• [TASK] Locate the string "that" in the records below. Copy every line where it occurs.

• [INFORMATION GIVEN]
Segment Open
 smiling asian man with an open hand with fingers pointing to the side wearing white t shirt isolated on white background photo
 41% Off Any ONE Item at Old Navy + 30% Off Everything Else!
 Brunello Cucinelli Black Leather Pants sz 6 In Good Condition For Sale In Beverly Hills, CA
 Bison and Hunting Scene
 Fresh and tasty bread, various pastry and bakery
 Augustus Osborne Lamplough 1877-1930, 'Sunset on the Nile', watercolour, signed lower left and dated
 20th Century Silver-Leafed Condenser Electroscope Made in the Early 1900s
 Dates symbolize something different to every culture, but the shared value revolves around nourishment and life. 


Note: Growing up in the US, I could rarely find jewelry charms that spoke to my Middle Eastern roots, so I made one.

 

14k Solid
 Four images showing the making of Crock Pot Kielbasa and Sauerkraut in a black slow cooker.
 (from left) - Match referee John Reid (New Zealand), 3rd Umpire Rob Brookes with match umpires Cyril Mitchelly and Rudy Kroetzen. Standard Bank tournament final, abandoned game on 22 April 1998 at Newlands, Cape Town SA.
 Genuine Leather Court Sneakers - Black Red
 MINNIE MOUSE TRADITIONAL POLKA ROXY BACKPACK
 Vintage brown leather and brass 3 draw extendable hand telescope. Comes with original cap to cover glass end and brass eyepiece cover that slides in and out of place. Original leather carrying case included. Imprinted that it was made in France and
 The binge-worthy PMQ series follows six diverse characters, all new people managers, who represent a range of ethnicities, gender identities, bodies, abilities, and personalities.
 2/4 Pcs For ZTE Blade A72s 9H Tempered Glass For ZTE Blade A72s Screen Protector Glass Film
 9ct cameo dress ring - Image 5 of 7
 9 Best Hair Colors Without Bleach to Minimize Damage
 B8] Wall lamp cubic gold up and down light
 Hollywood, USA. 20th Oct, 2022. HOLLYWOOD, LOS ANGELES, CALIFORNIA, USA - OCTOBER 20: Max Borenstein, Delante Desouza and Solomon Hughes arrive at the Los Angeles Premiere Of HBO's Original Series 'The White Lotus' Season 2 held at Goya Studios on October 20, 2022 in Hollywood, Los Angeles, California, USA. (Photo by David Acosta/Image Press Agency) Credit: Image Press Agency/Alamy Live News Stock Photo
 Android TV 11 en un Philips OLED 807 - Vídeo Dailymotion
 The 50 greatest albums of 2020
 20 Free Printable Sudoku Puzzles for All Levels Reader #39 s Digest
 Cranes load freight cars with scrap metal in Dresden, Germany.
Segment Closed
• [SOLUTION]
Note: Growing up in the US, I could rarely find jewelry charms that spoke to my Middle Eastern roots, so I made one.
 Vintage brown leather and brass 3 draw extendable hand telescope. Comes with original cap to cover glass end and brass eyepiece cover that slides in and out of place. Original leather carrying case included. Imprinted that it was made in France and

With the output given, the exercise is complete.